With the full e2e dataset on a GPU, it should take around 20 minutes to train a single epoch. You should see decent results after a single epoch. Decent results are sentences with a few mistakes, but are mostly readable. You are encouraged to see what kind of improvements can be found with more training or different parameters.

You do not need to modify any code to train the model, nor are you allowed to modify the model. You may modify the `trainIters` function, if you would like to improve how you track progress, or change parameters while training. For example, it can be useful to decrease the teacher-forcing ratio as training progresses.

*You must submit a trained model. This model must be a GPU model.

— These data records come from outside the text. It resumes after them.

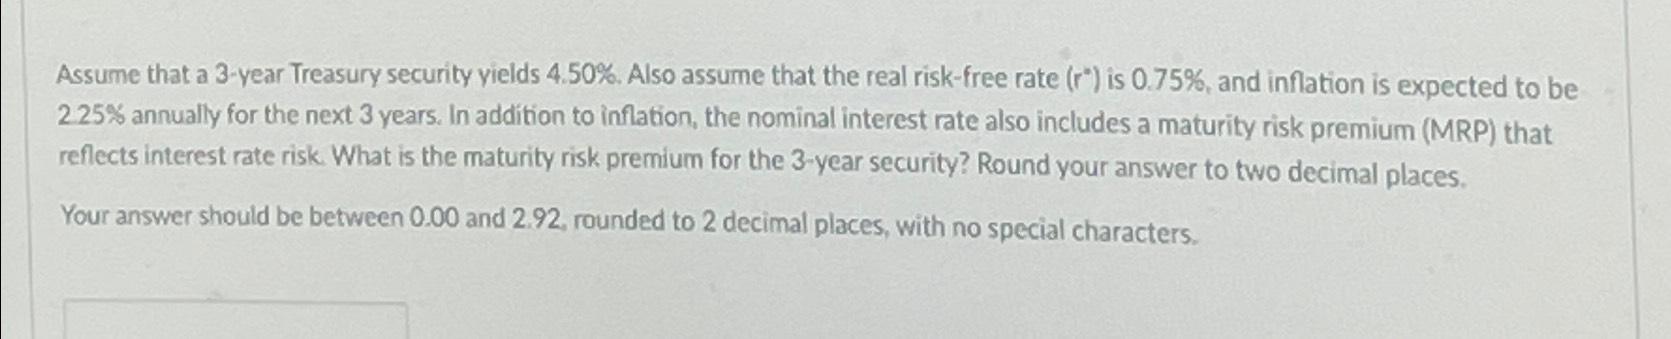 Assume that a 3-year Treasury security yields 4.50%. Also assume that the real risk-free rate (r") is 0.75%,
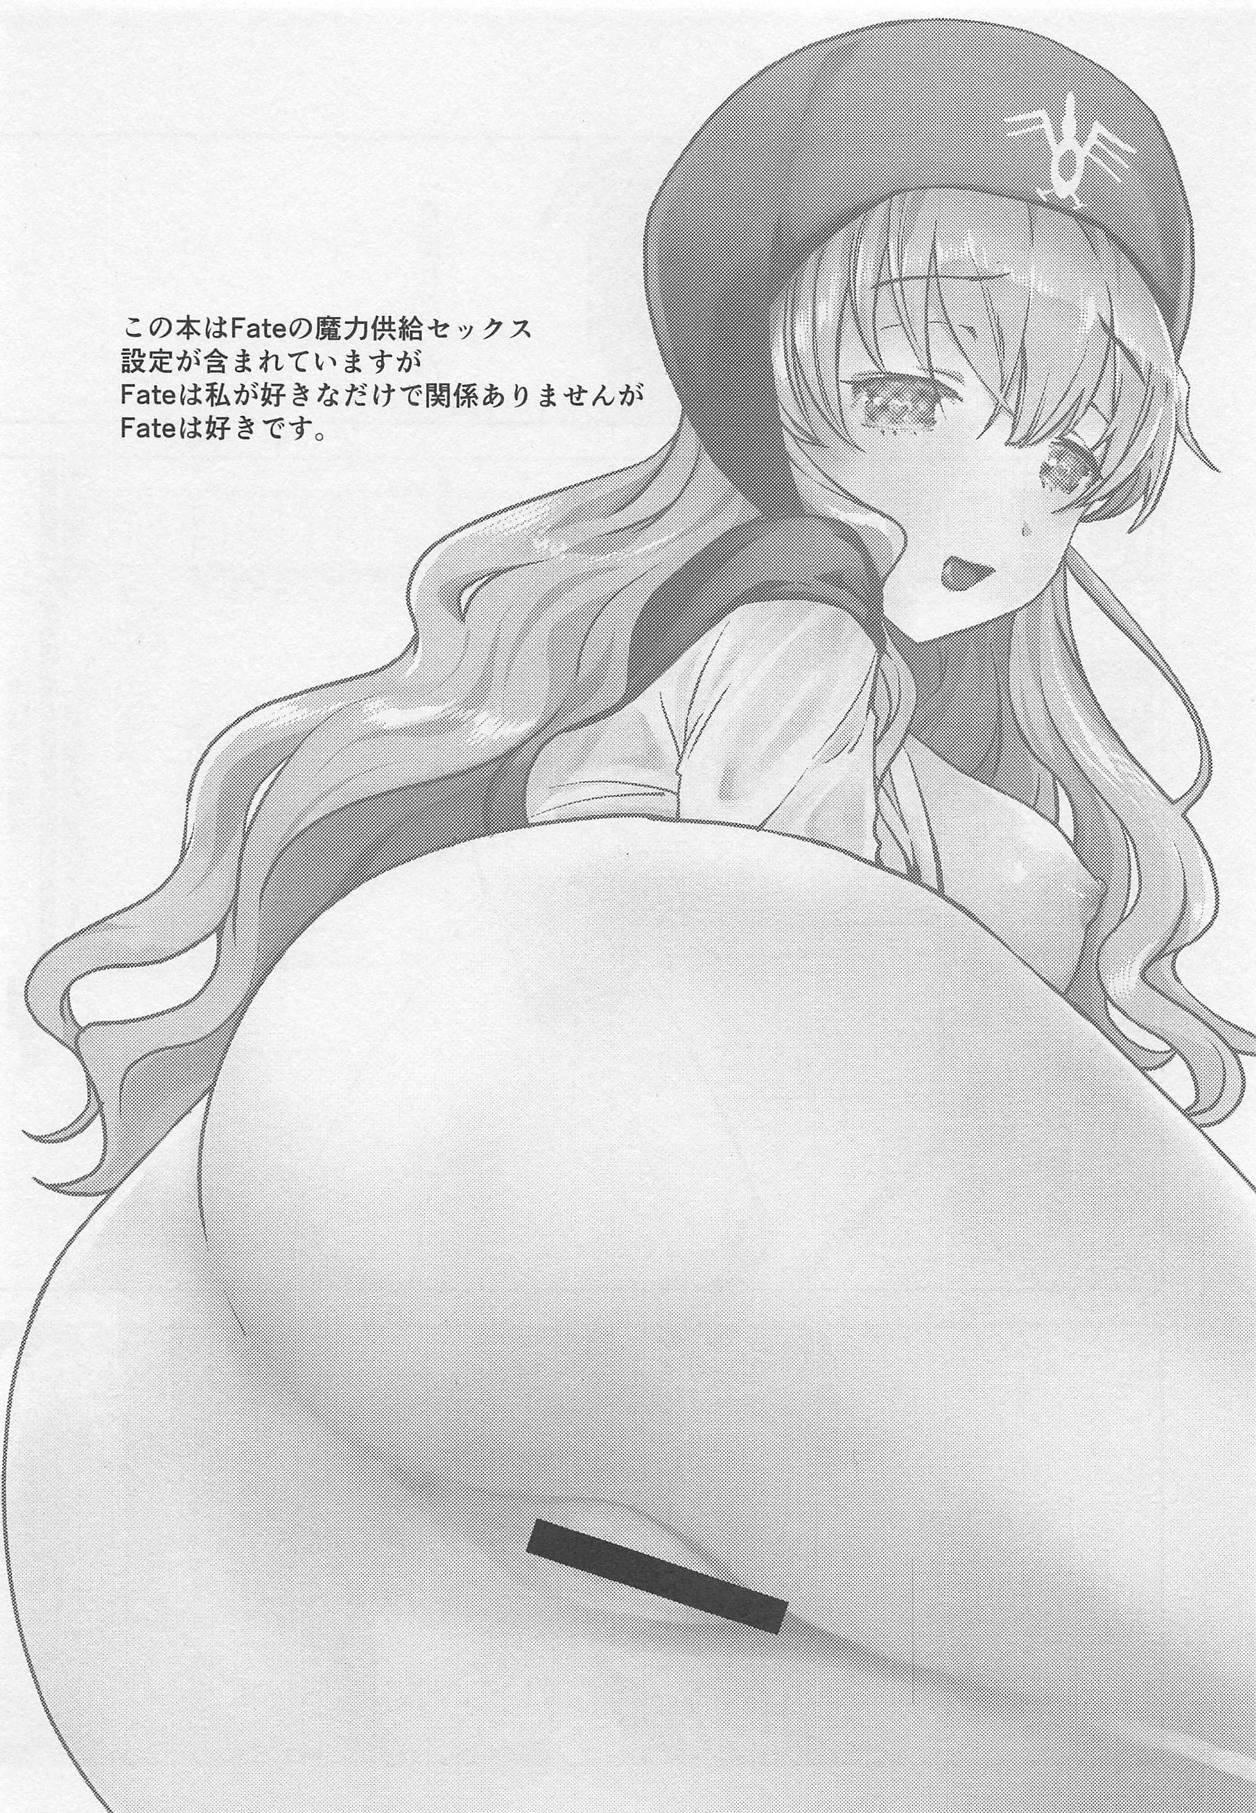 Best Blowjobs Ever Moonbrooke Oujo to Maryoku Kyoukyuu - Dragon quest ii Free Rough Porn - Page 2
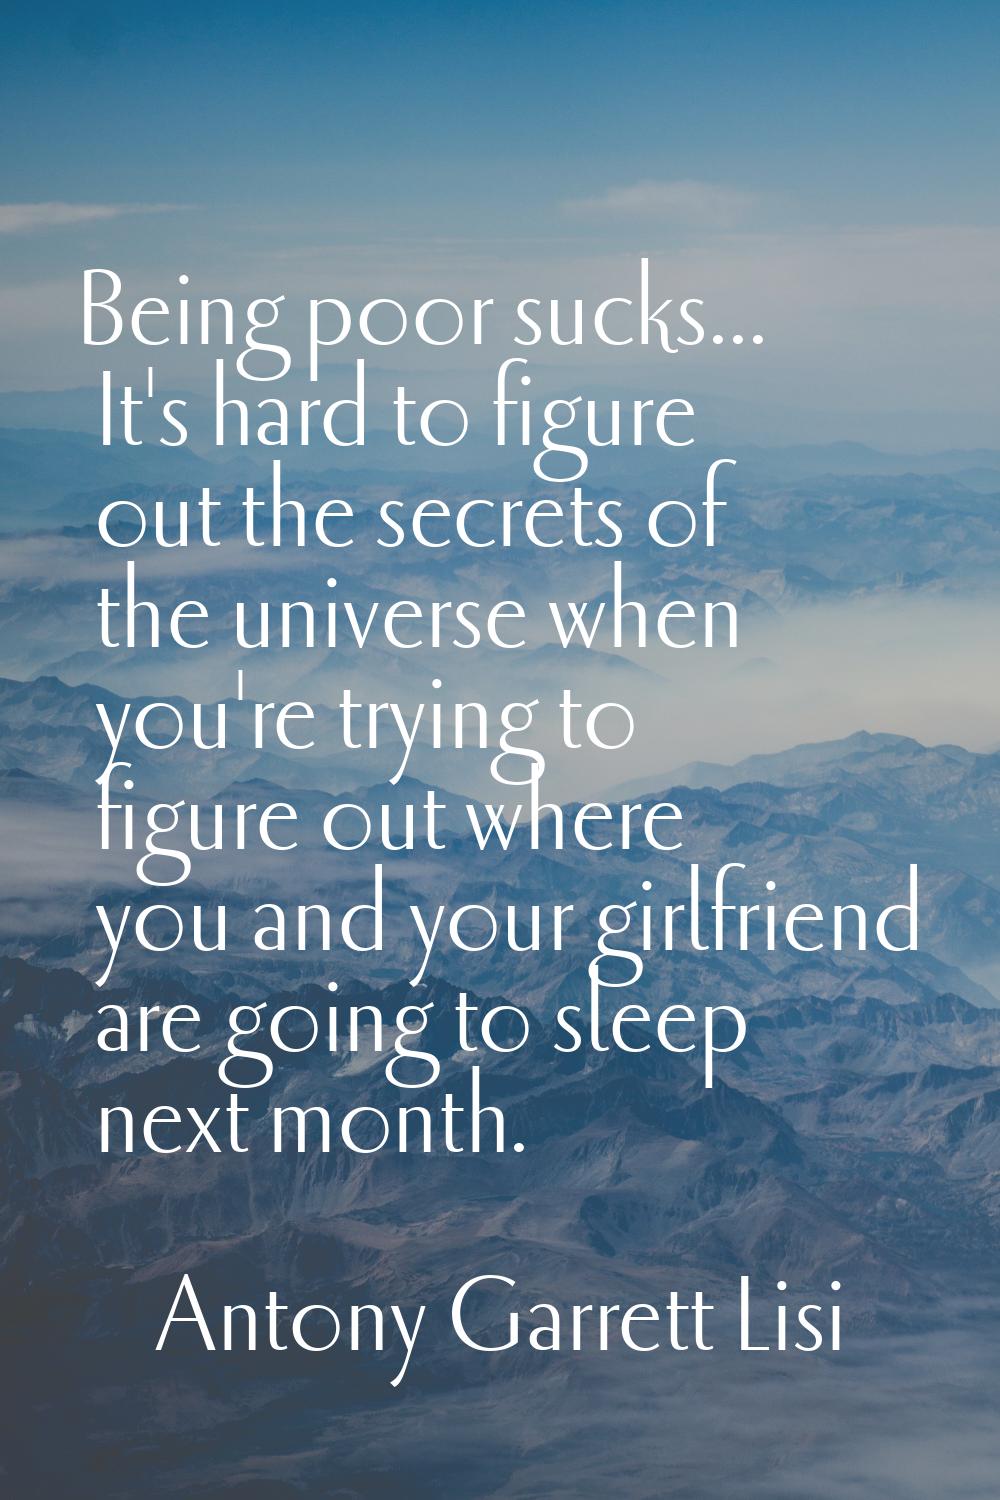 Being poor sucks... It's hard to figure out the secrets of the universe when you're trying to figur

It is not reasonable to train this model with a CPU; part of the assignment is training it on a GPU.*

*Note that the model is trained using single examples -- that is, it doesn't use batching. Batching is possible with seq2seq models, but for simplicity of reading the code we have not implemented it here.*

### 3. Implement a beam search evaluator

We provide you with an evaluation function that takes in an input sequence and generates an output sentence given a trained model. This evaluation function performs *greedy decoding* by taking the most likely token at each generation step. You are required to implement a beam search version of this evaluation function, that keeps track of the top *k* most likely sequences at each generation step, and then returns the top *k* best sequences with their associated probabilities.

### 4. Implement a BLEU evaluator and report scores

While loss and accuracy are good for tracking training progress, they don't tell us much about how well the model generates meaningful sentences. You need to implement a BLEU evaluation function that takes in an input/output pair and returns the BLEU score for how well the model predicts the output.

You can find a formal description of how to calculate BLEU in the original paper, [BLEU: A Method for Automatic Evaluation of Machine Translation](https://www.aclweb.org/anthology/P02-1040.pdf). We reprodue this formal description for you in the homework instructions.

When reporting these scores, use the *development dataset* provided. Report scores for greedy decoding and beam search (beam size=3). For beam search, use the top-scoring output sentence as the score for that datapoint.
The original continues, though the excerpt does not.